[jira] [Commented] (HAMA-799) Add a new BSP API that uses multiple threads

2016-08-25 Thread JongYoon Lim (JIRA)

[ 
https://issues.apache.org/jira/browse/HAMA-799?page=com.atlassian.jira.plugin.system.issuetabpanels:comment-tabpanel=15438479#comment-15438479
 ] 

JongYoon Lim commented on HAMA-799:
---

I think it's an intuitive way for multiple tasks and abstraction for this seems 
quite tricky.. (actually, I don't have a better idea in my mind now..)

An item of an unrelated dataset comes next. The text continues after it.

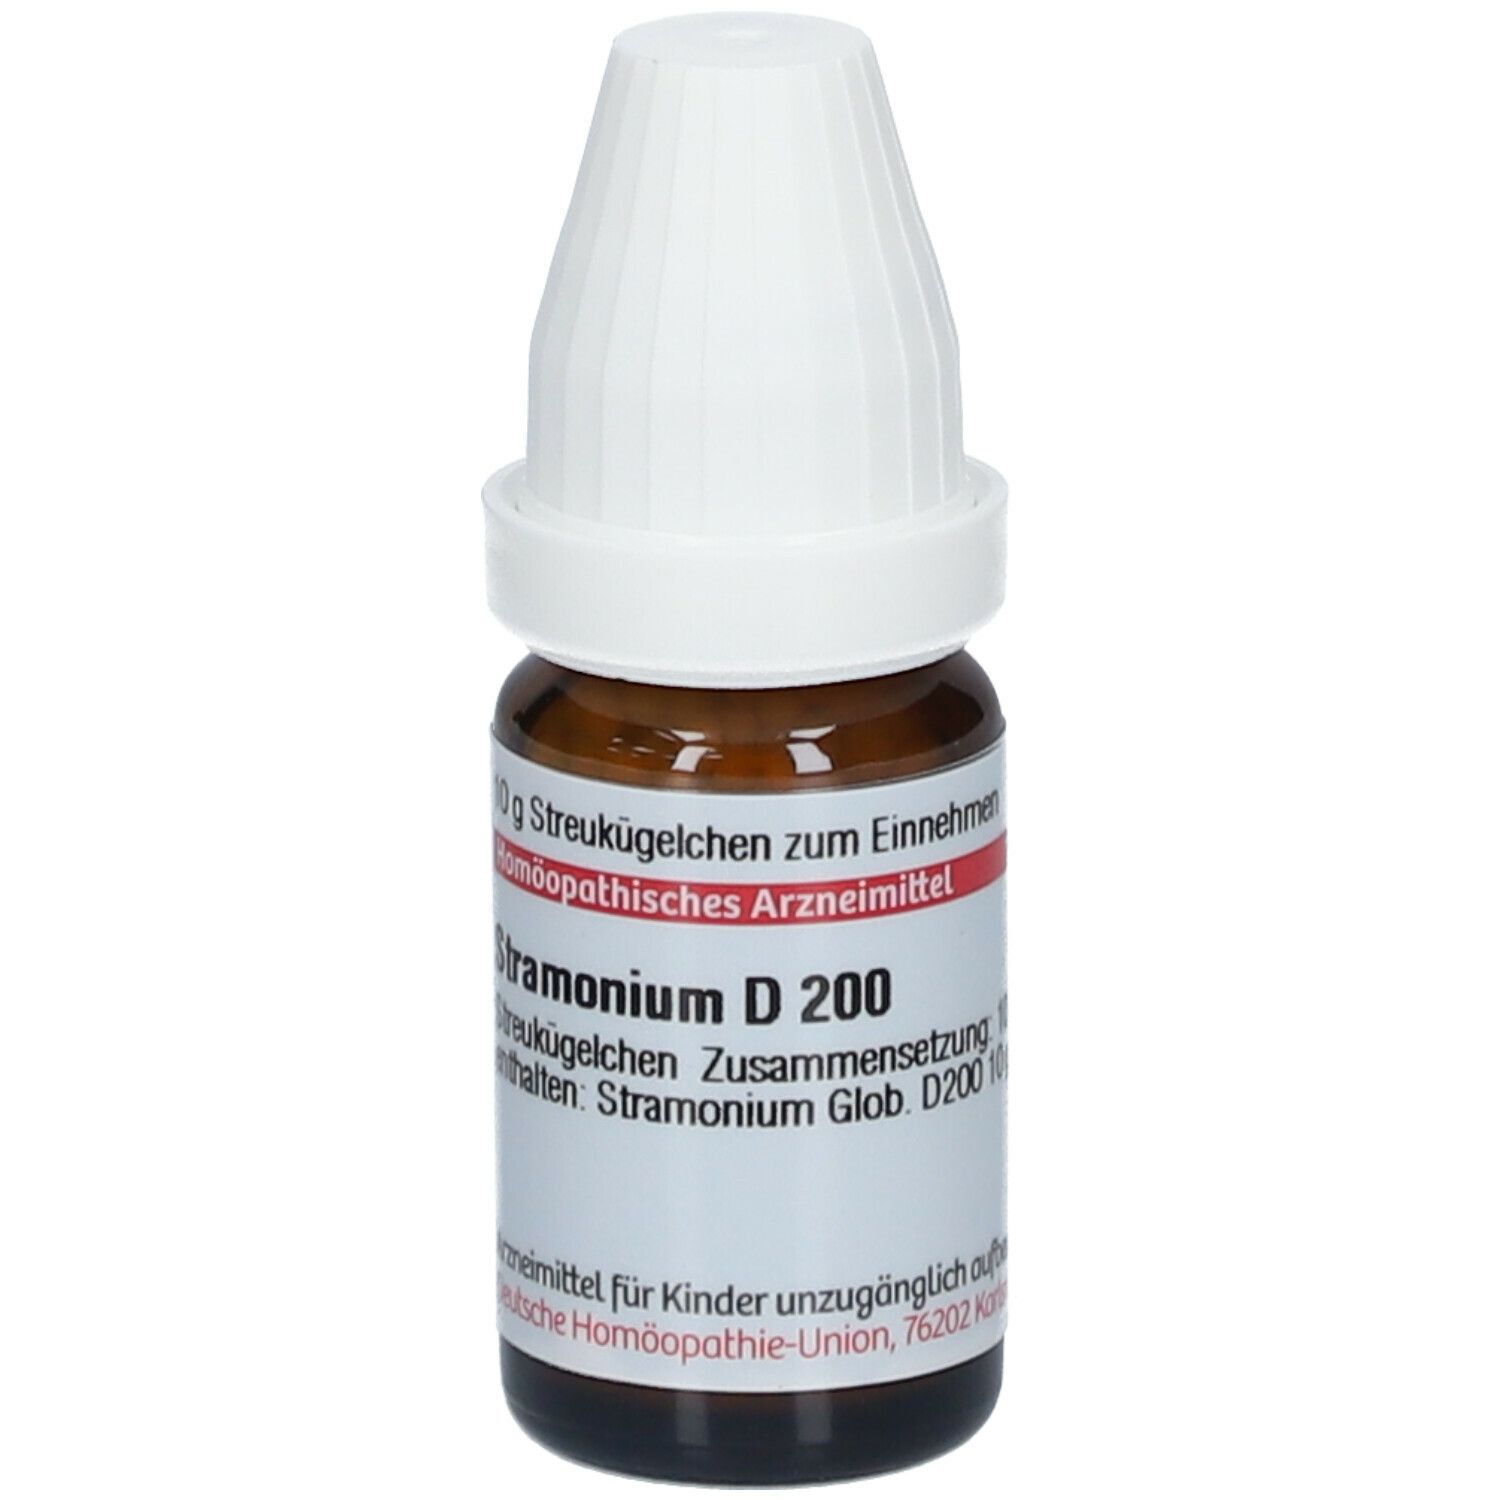 DHU Stamonium D200

> Add a new BSP API that uses multiple threads
> 
>
> Key: HAMA-799
> URL: https://issues.apache.org/jira/browse/HAMA-799
> Project: Hama
>  Issue Type: New Feature
>  Components: bsp core
>Reporter: Edward J. Yoon
>Assignee: Edward J. Yoon
>
> Add a new (additional) BSP API that uses multiple threads, called 
> MultithreadedBSP. This could help in speeding up the highly CPU-intensive 
> task.
> And, I personally would like to re-design the GraphJobRunner based on this 
> MultithreadedBSP. Because computing vertex 1 at a time is a reason of slow 
> performance.



--
This message was sent by Atlassian JIRA
(v6.3.4#6332)


[jira] [Commented] (HAMA-799) Add a new BSP API that uses multiple threads

2016-08-25 Thread Edward J. Yoon (JIRA)

[ 
https://issues.apache.org/jira/browse/HAMA-799?page=com.atlassian.jira.plugin.system.issuetabpanels:comment-tabpanel=15438151#comment-15438151
 ] 

Edward J. Yoon commented on HAMA-799:
-

Hi,

I originally thought that we can add something like 
https://hadoop.apache.org/docs/r2.4.1/api/org/apache/hadoop/mapreduce/lib/map/MultithreadedMapper.html
 and the goal was supporting easy-to-use multithreading API within BSP. But we 
may different slightly.

In MapReduce case, map(K, V) function processes K, V of each line of the chunks 
of data sequentially (as you already might know). The multithreadedMap 
processes lines concurrently and generates intermediate files. 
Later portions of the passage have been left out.